━━ Collected material ━━
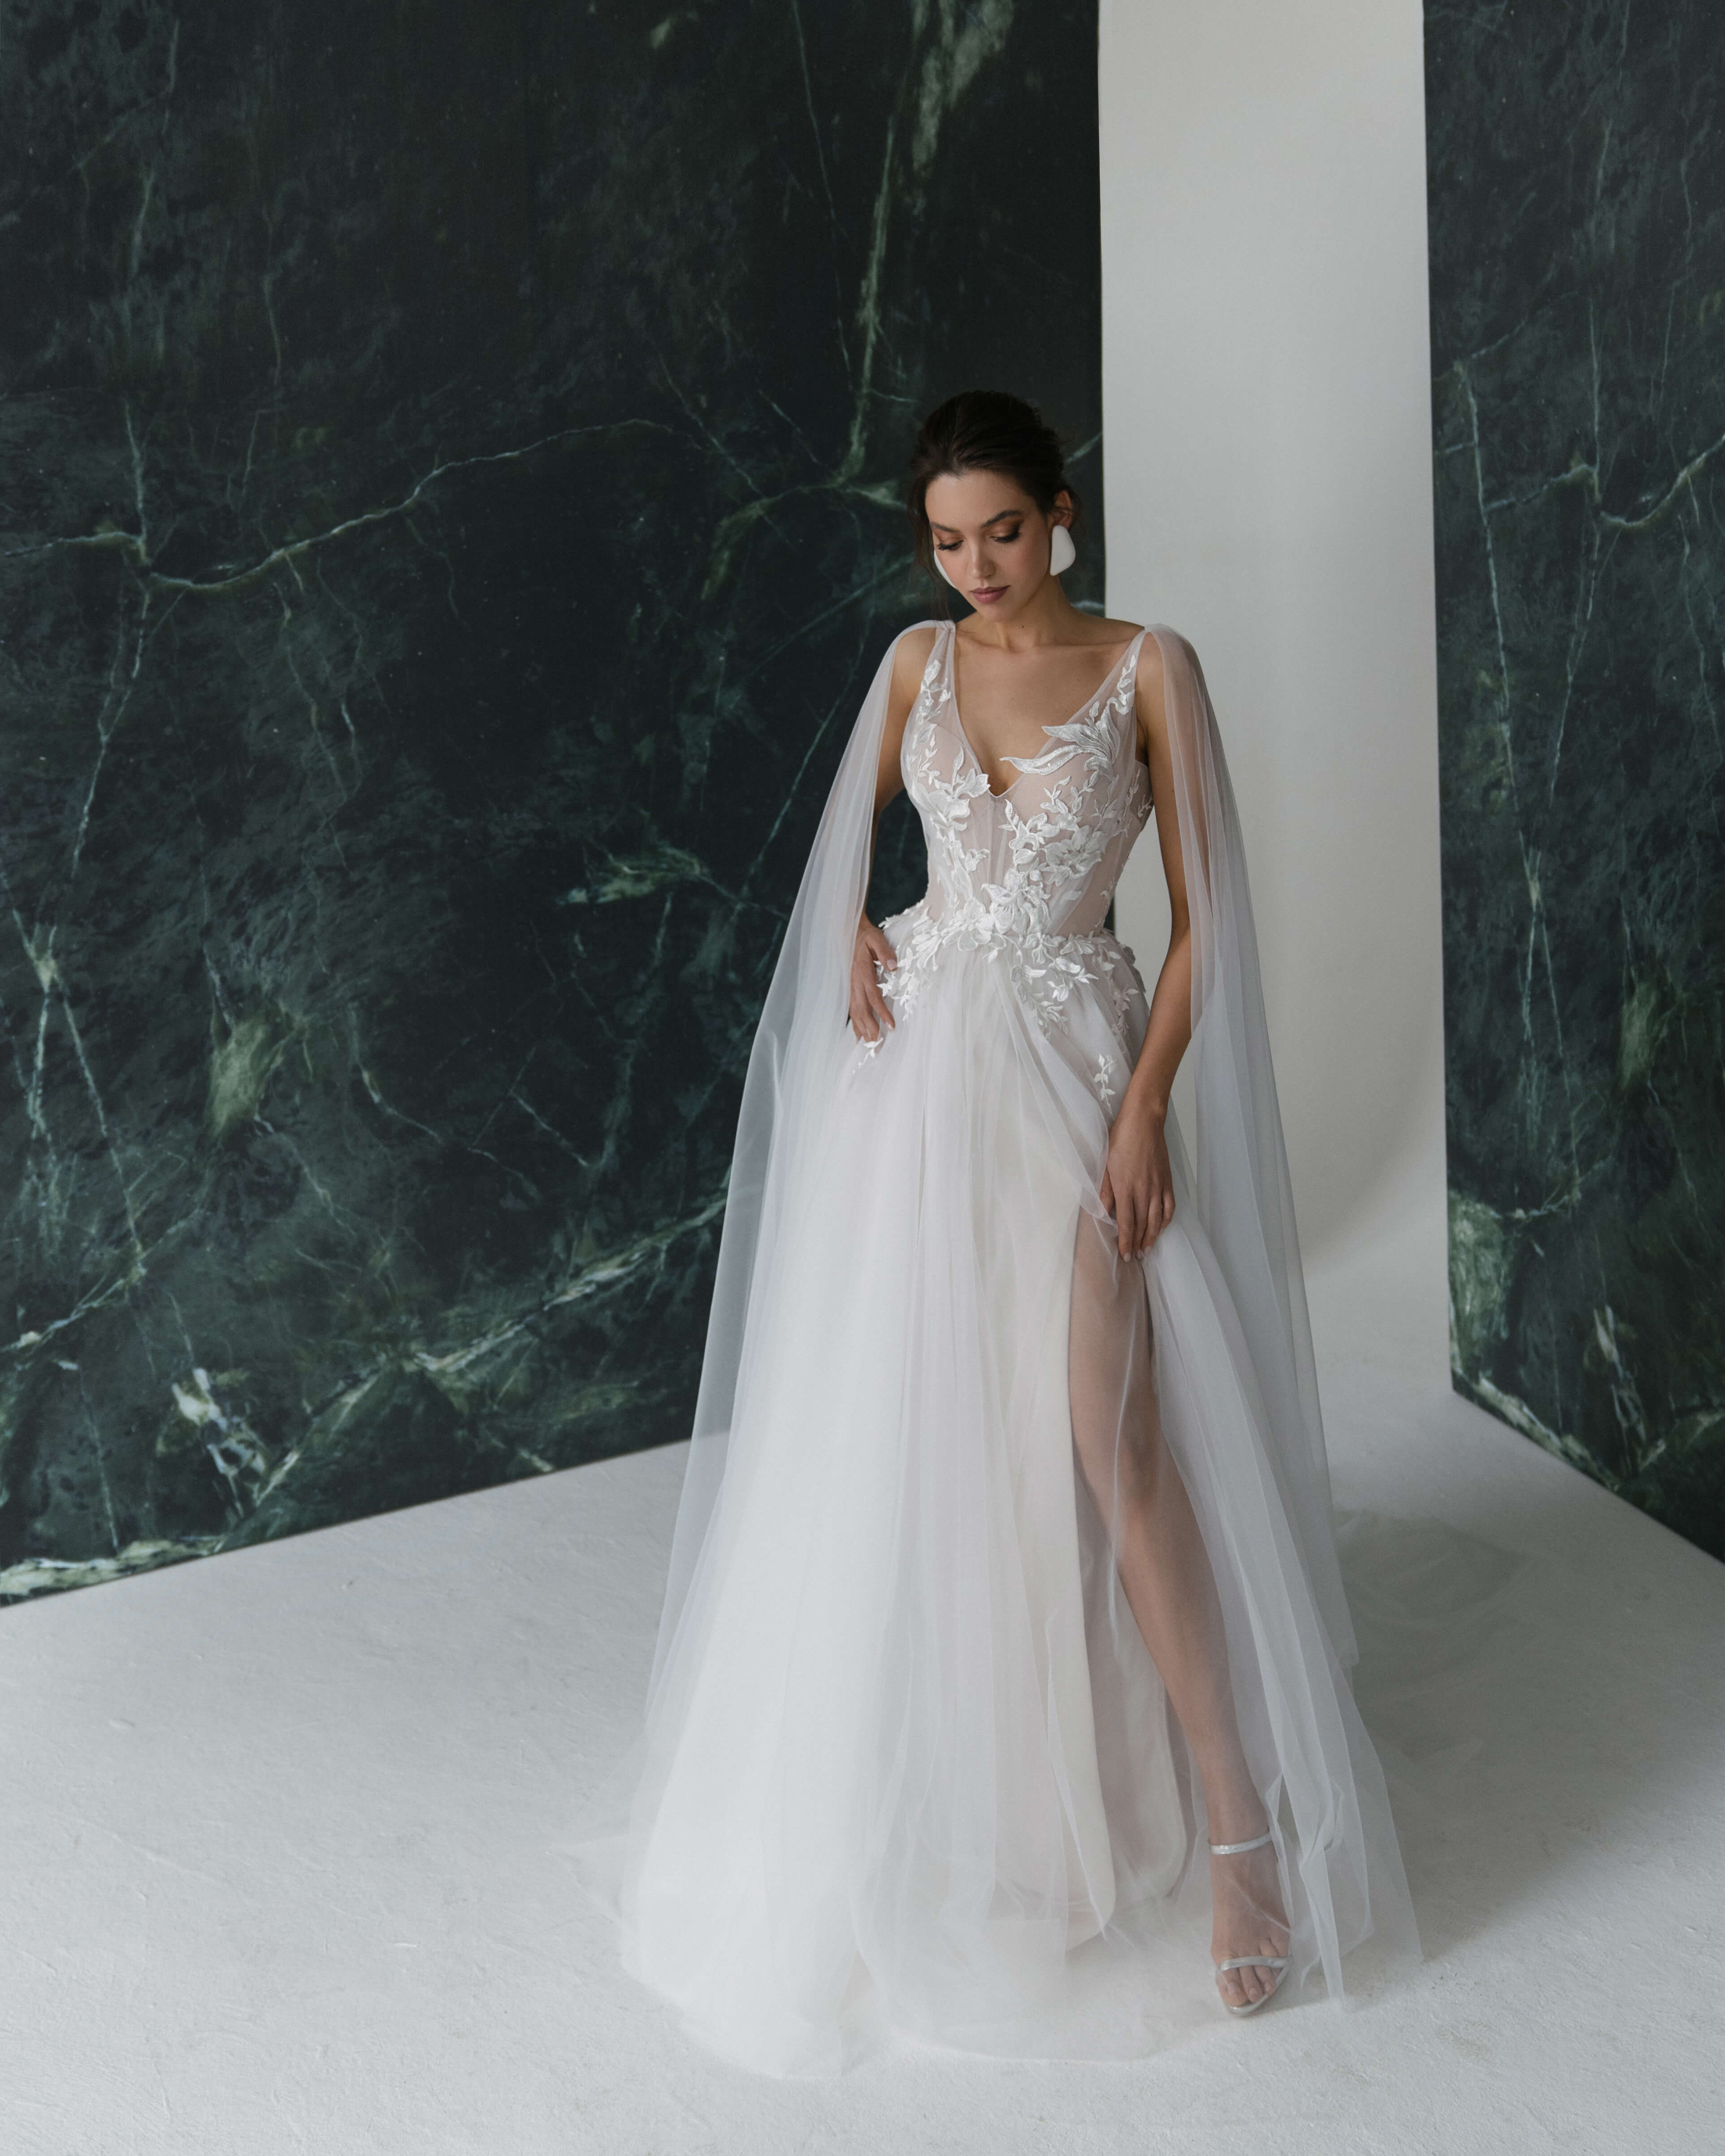 Купить свадебное платье «Саммер» Рара Авис из коллекции Гелекси 2022 года в салоне «Мэри Трюфель»
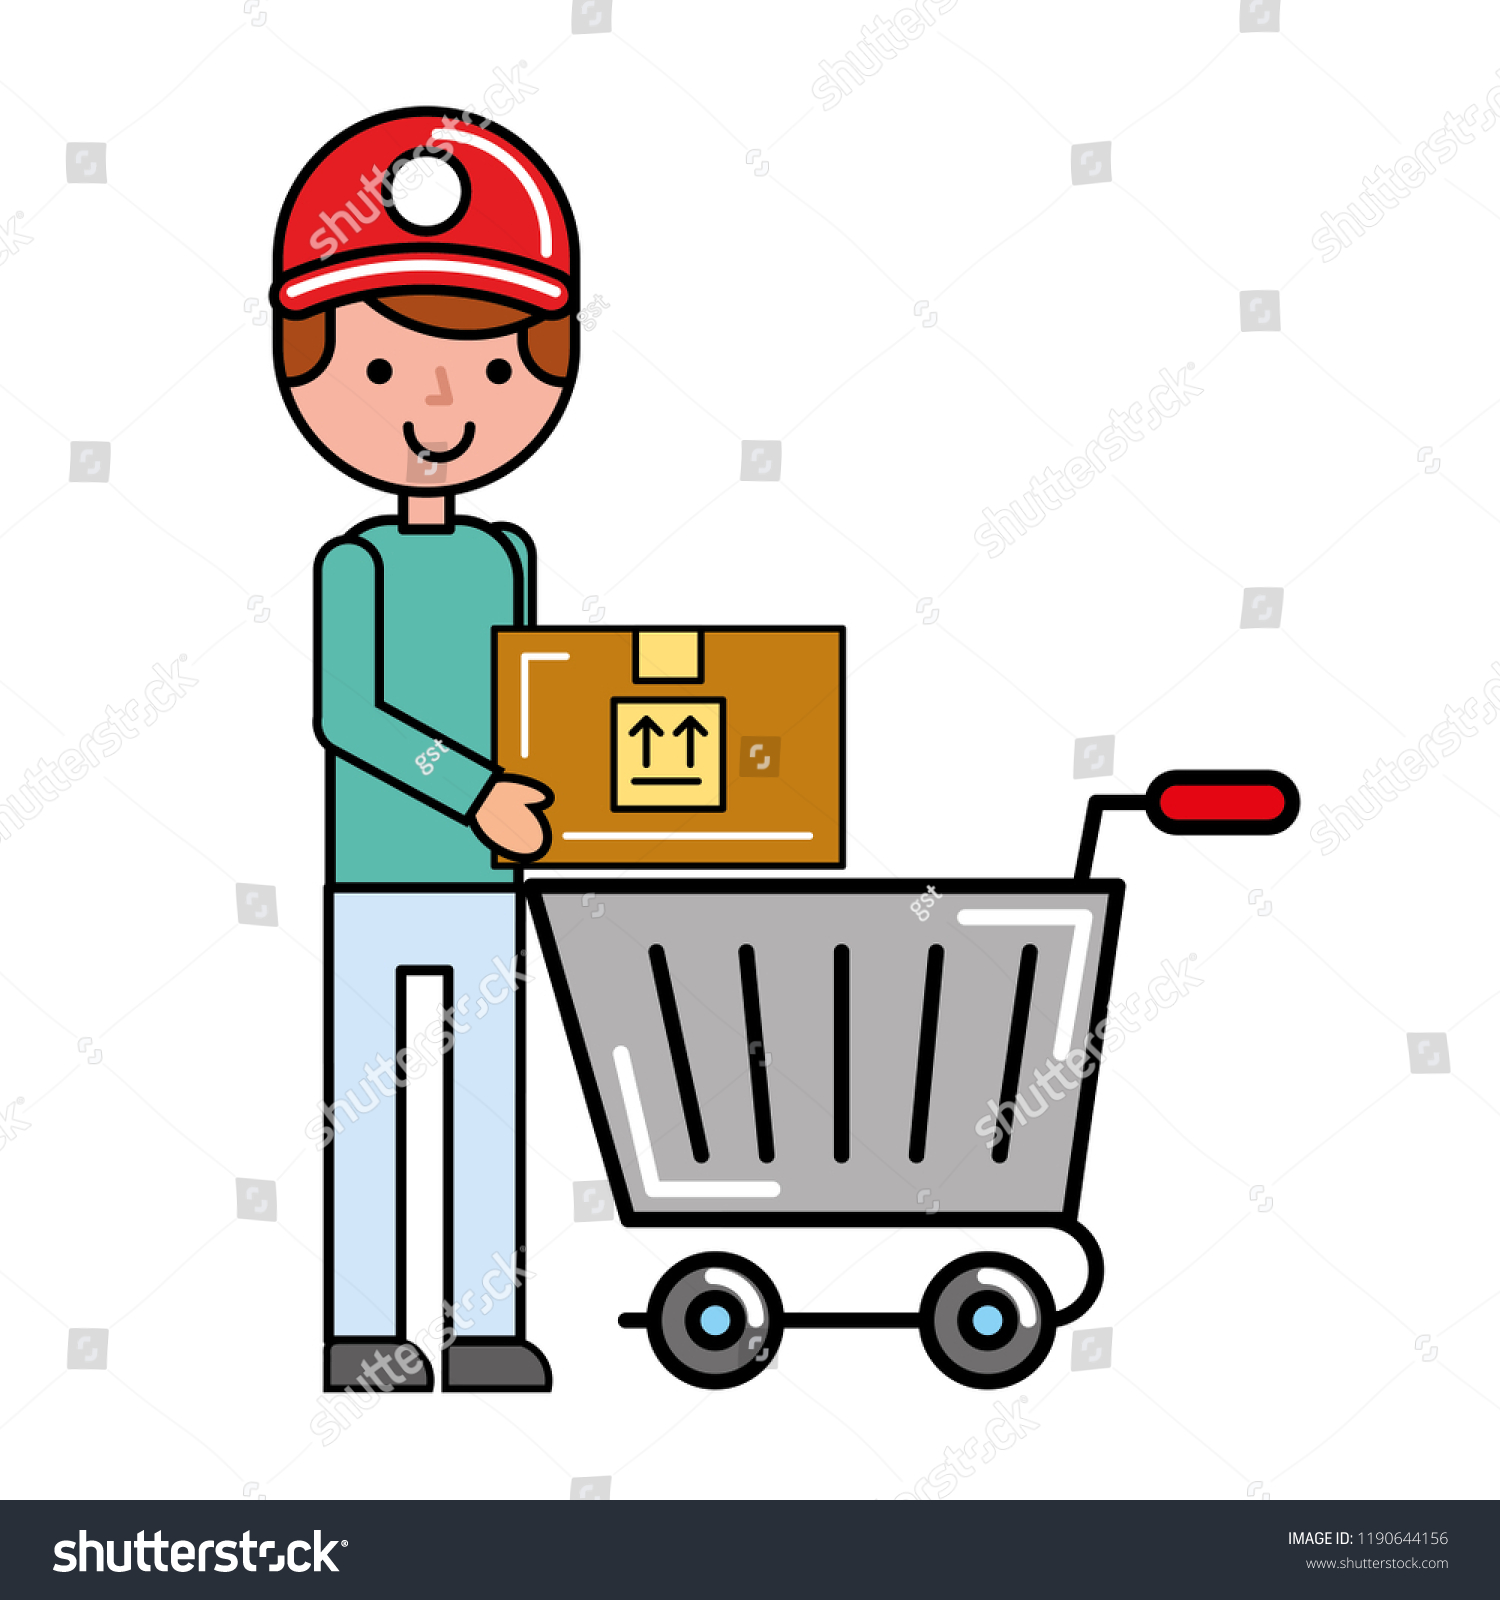 Man Online Shopping Cart Stock Free) 1190644156
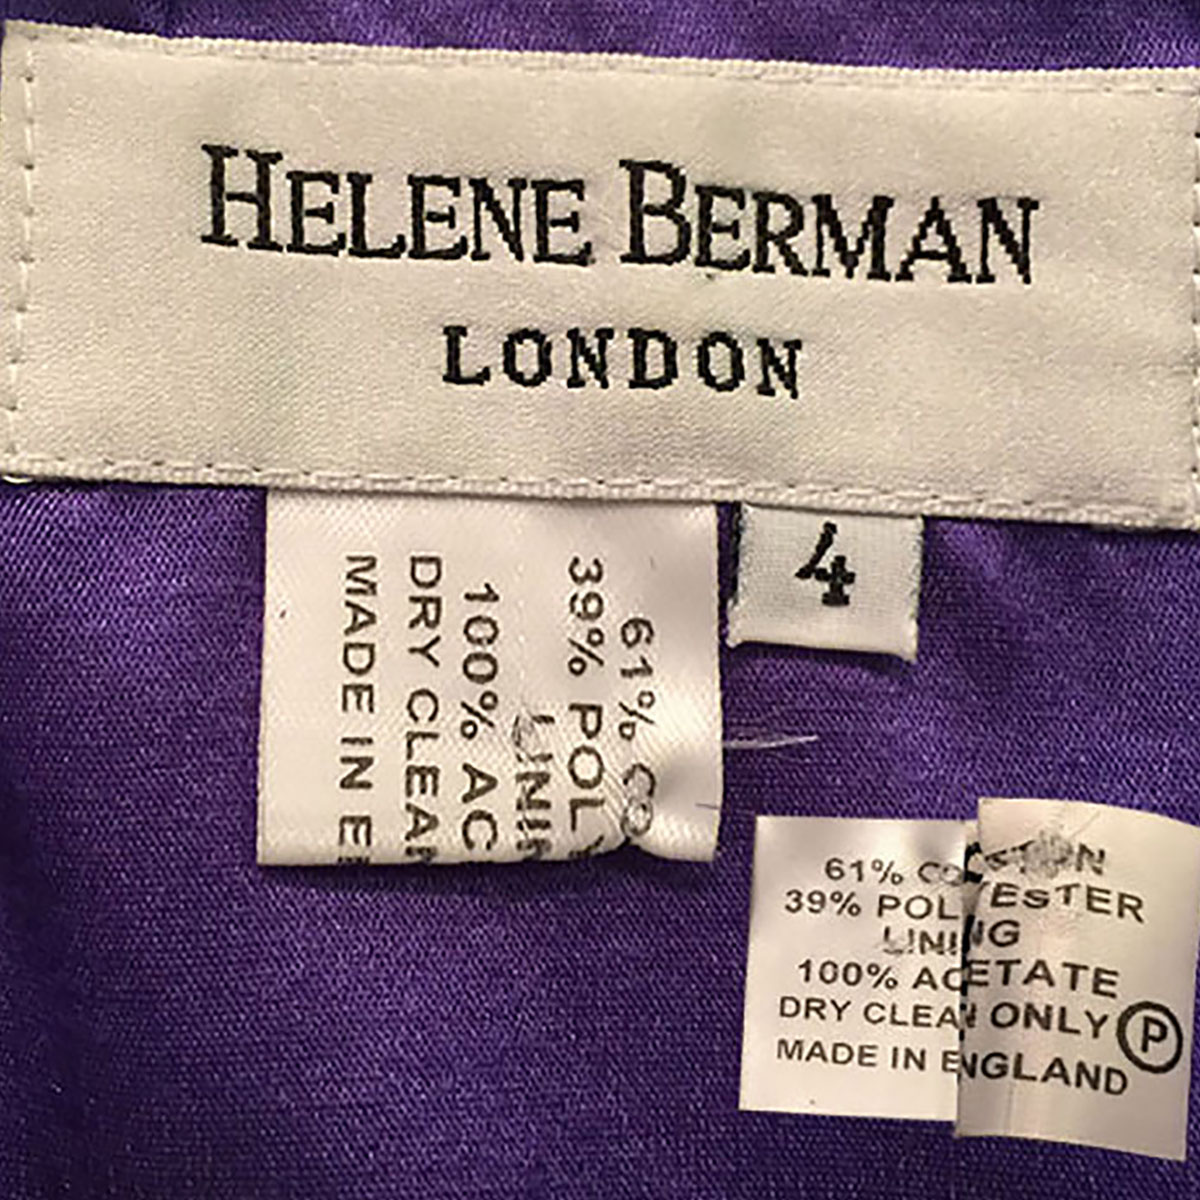 Helen Berman Label
━━━
#### What is required:
With the pictures set aside, return each line of the listing exactly as given.

#### Reply:
 Купить свадебное платье «Саммер» Рара Авис из коллекции Гелекси 2022 года в салоне «Мэри Трюфель»
 Man Online Shopping Cart Stock Free) 1190644156
 Helen Berman Label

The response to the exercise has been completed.